У Наталии Дмитриевны была дочь Маша, у Маши росла дочь Лена. Красавица Маша, статная, высокая, гордая, с длинной косой, создавала новую тогда у нас в стране науку экологию. Поэтому Лена жила все лето с бабушками. В какой-то из экспедиций Маша упала с лошади, да так неудачно, что повредила себе позвоночник. Закованная в гипс, она лежала в одной из московских клиник в жутком состоянии духа от ожидавших ее перспектив, так что лечащий врач был не на шутку встревожен и профессионально ее подбадривал. Но его профессионального умения не хватало, и тогда он позвал на помощь своего друга Сашу Дулова. Будучи автором и исполнителем довольно популярных песен, друг, молодой и самонадеянный, явился с гитарой. Это в те времена тоже было новым и весьма престижным в интеллигентной среде занятием. Саша посвящал ему только досуг, поскольку занимался научной работой в области химии и был кандидатом наук.
Пел он ей, конечно, «Хромого короля», песни на стихи Горбовского, Шефнера, Рубцова, Кушнера. Пел песни и на собственные стихи. Так он приходил в больничную палату каждый вечер, и понемногу Машина депрессия, как и следовало ожидать, отступила.
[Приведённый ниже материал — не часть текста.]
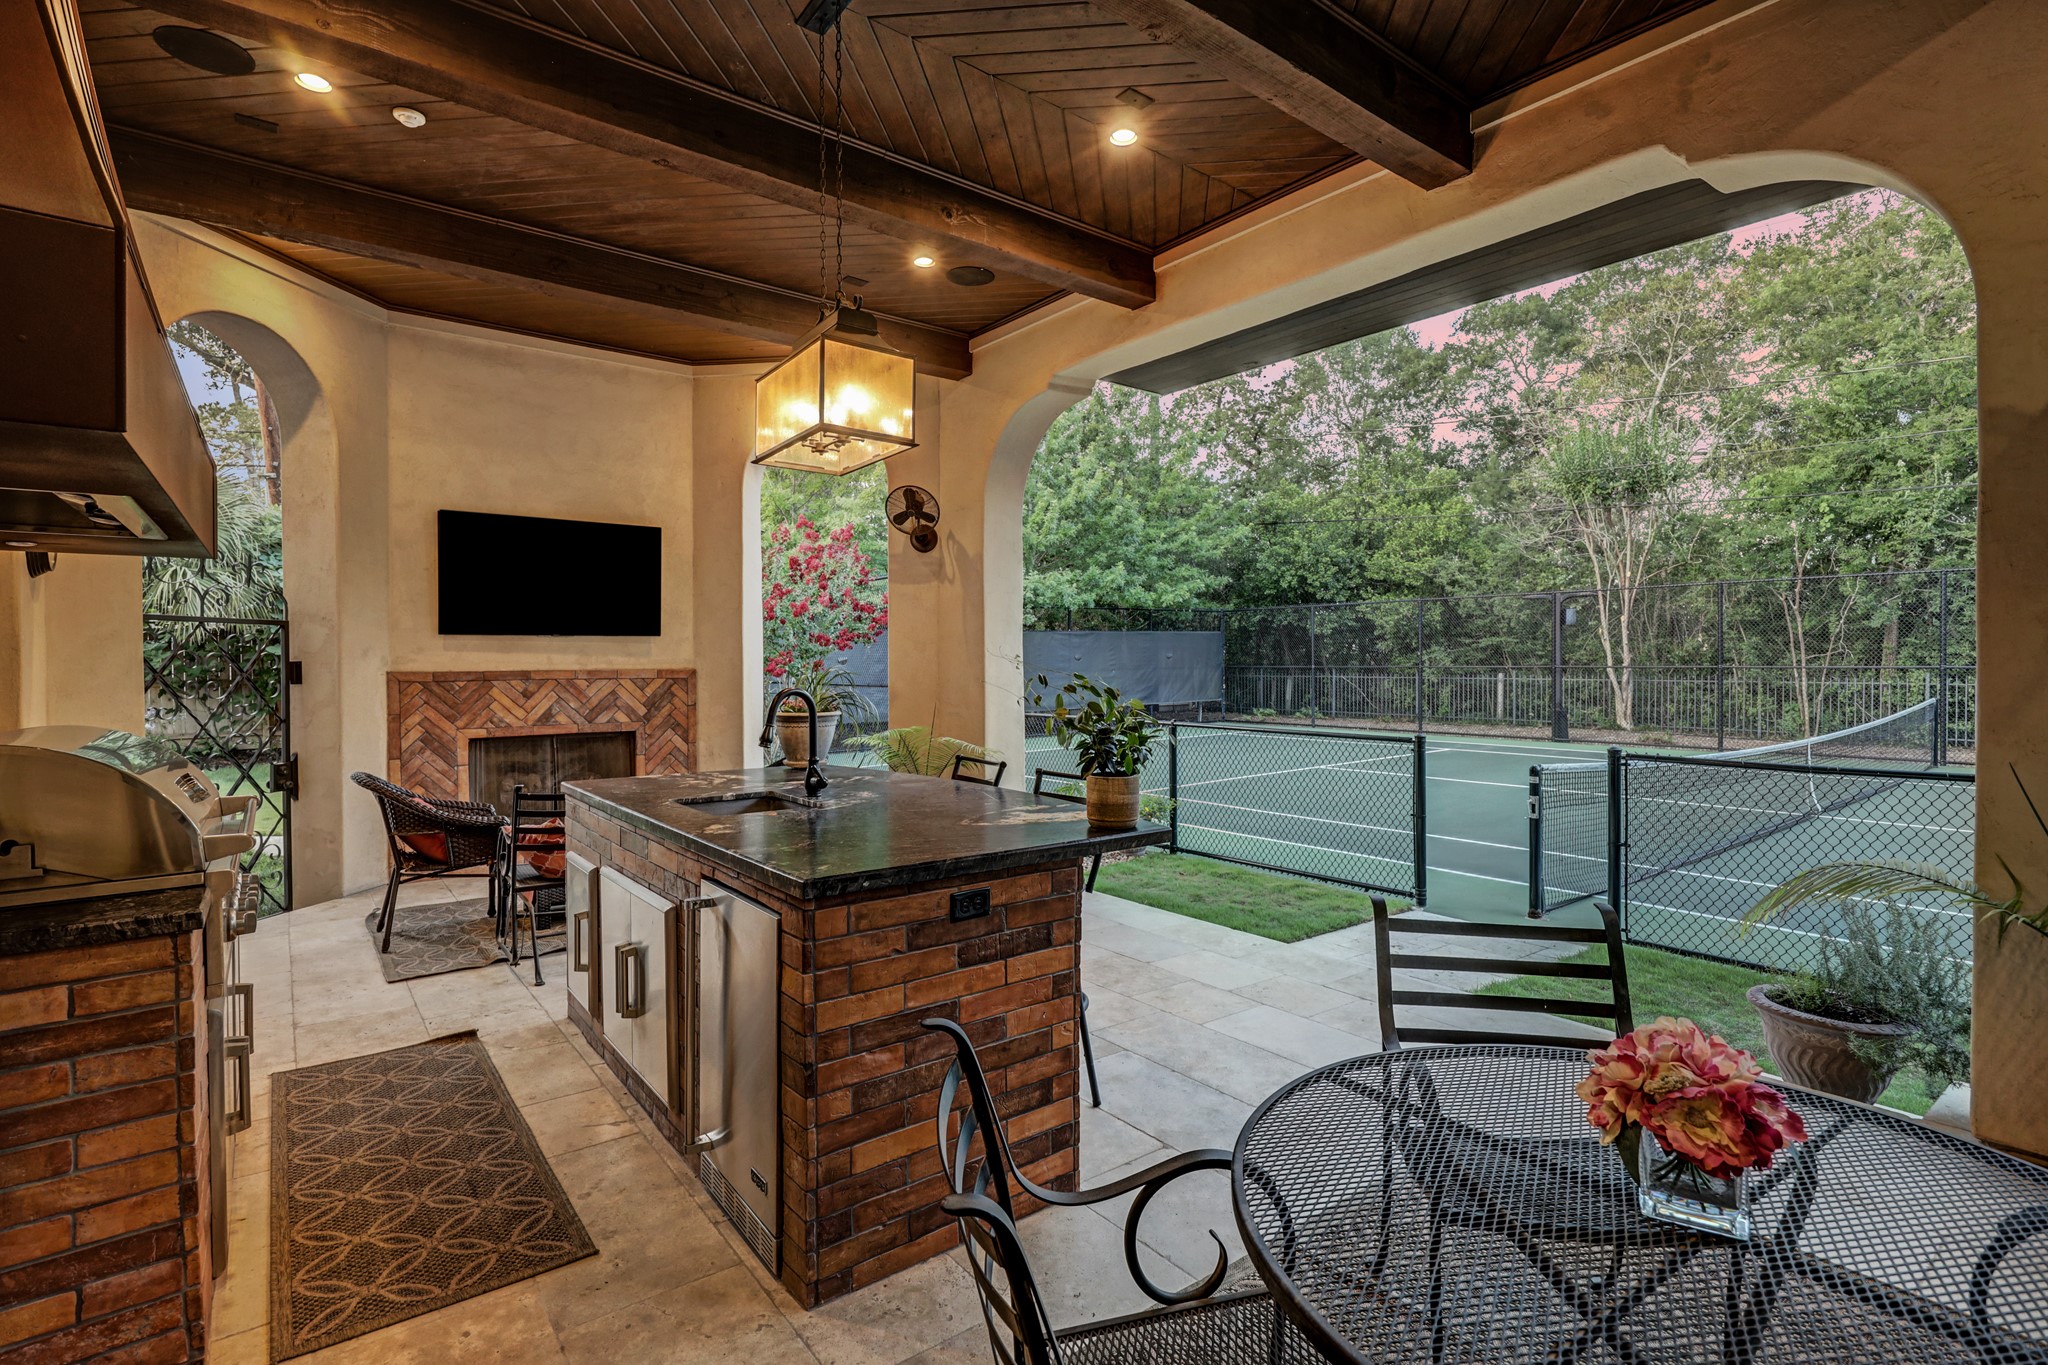 Resort-style outdoor entertainers space includes the fully equipped summer kitchen, fireplace and facing tennis court

Закончилась эта история как в доброй сказке: Маша выздоровела, стала его музой и женой и родила ему сына.
Мы приехали, когда Саши Дулова в живых, к сожалению, не было. Он покоится на маленьком кладбище в Кидекше, согласно его завещанию.
— Знаете что, — сказала Лена. — Я имею от мамы поручение. Она просила меня привезти вас к ней, это в пяти километрах отсюда, в Минчакове. Там есть несколько домиков, один она предоставит в ваше распоряжение, и вы сможете жить в нем, сколько захотите.
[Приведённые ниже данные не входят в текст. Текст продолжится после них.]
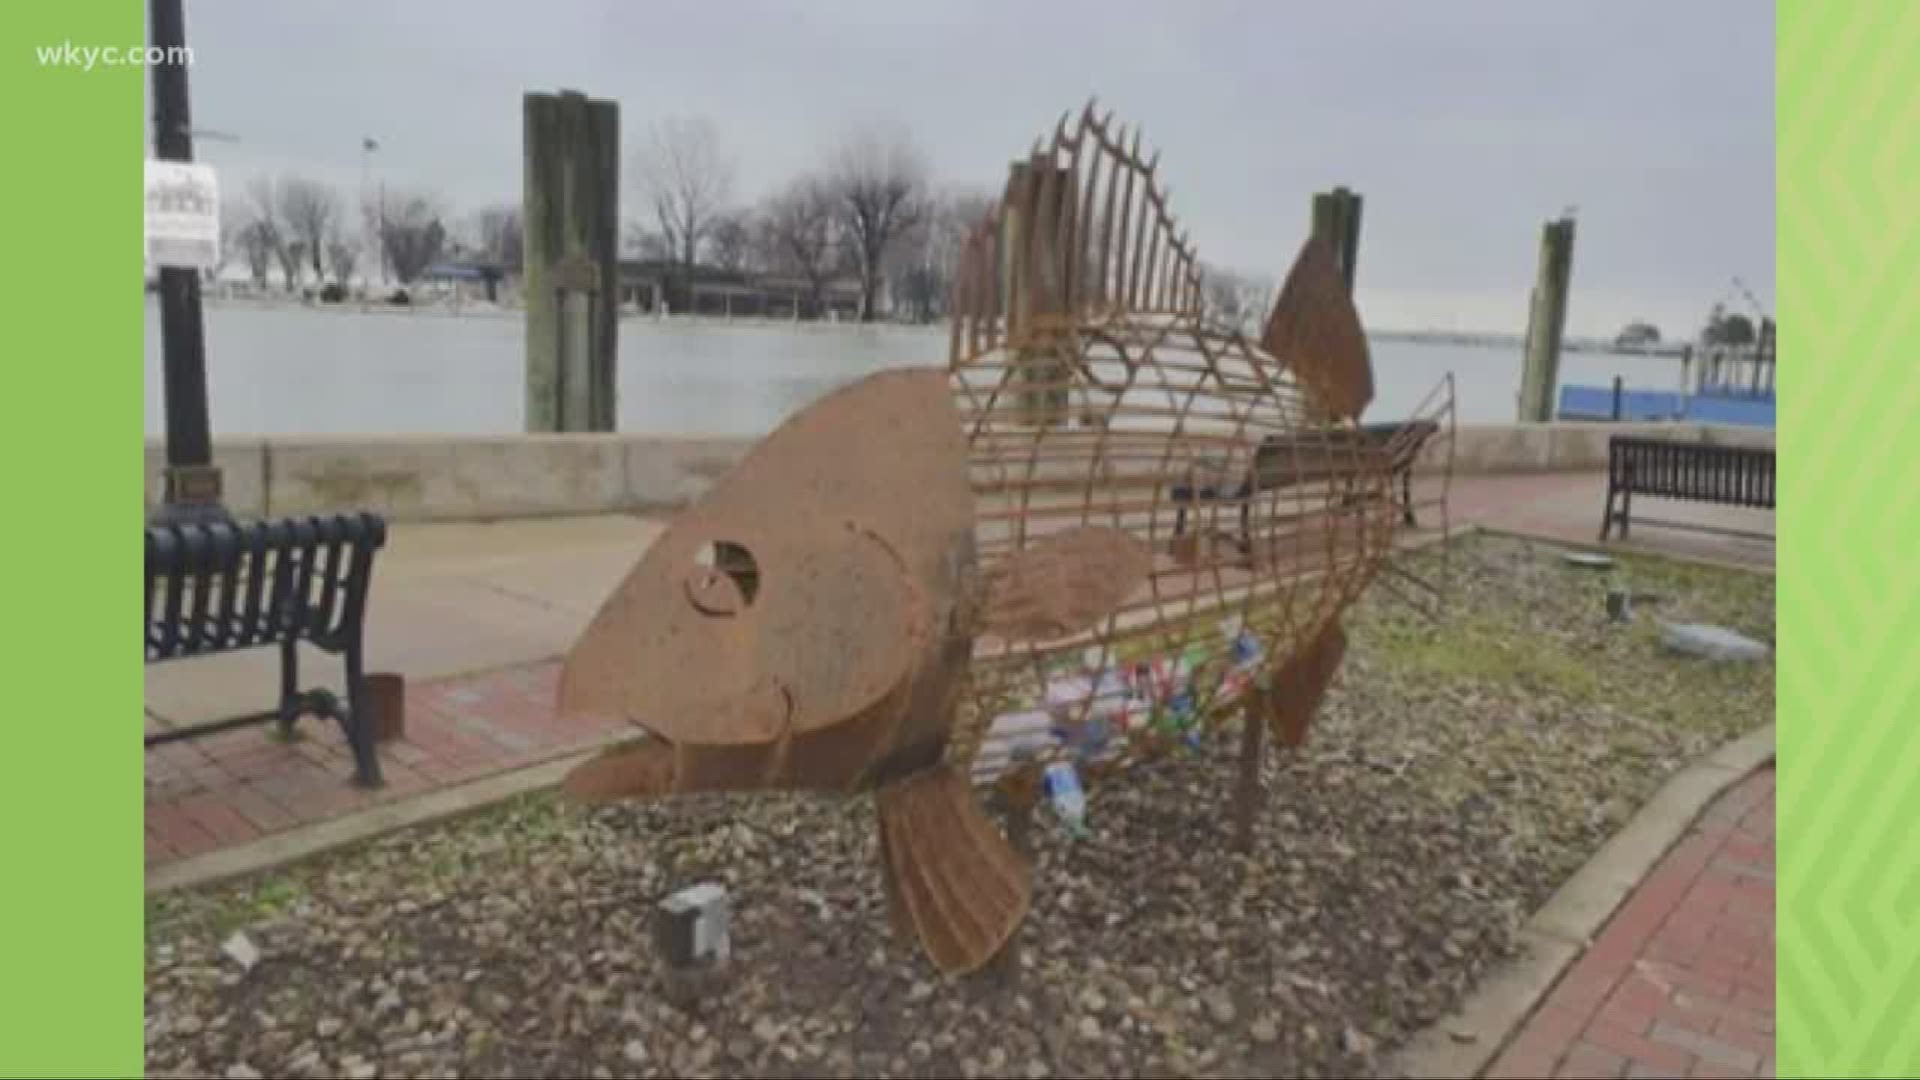 Take a look at this big fish! It's actually a trash container to recycle plastic.

Мы с Ксеней и Наташей переглянулись.
— Конечно, поезжайте, — сказала Наташа.
— Ну, насчет жить… это вряд ли. Все-таки тут дела. А навестить Машу нужно обязательно!
И мы поехали. Отец Андрей и матушка Елена повезли нас через старинное село Глебовское, через славный город Суздаль, мимо Спасо-Евфимиева монастыря и далее по Ивановской дороге. Повсюду, сколько хватало глаз, стоял дым, но в машине был кондиционер, и мы, наконец, продышались.
8
На опушке молодого соснового леса, возле деревянного коттеджа стояла высокая, статная Маша Черкасова, красивая, гордая, как и прежде, только вдвое старше, чем я ее знал.
— Как жаль, — воскликнула она после приветствий, — что вы не увидите наших пейзажей, наших великолепных далей!
Но и сквозь дымную пелену можно было понять, какая здесь раскинулась красота. Волнистая равнина, кое-где тронутая кустарником, уходила к речному берегу и далее к лесам, мутный контур которых едва очерчивал небесную линию. Здесь же, в молодой сосновой поросли, прятались несколько незатейливых домиков, образуя крошечную колонию, происхождение которой Маша скоро нам объяснила.
На вечернюю трапезу мы устроились за длинным самодельным столом позади Машиного дома и, не переставая удивляться чуду этой нашей нечаянной встречи, сбивчиво и торопливо рассказывали друг другу о новостях.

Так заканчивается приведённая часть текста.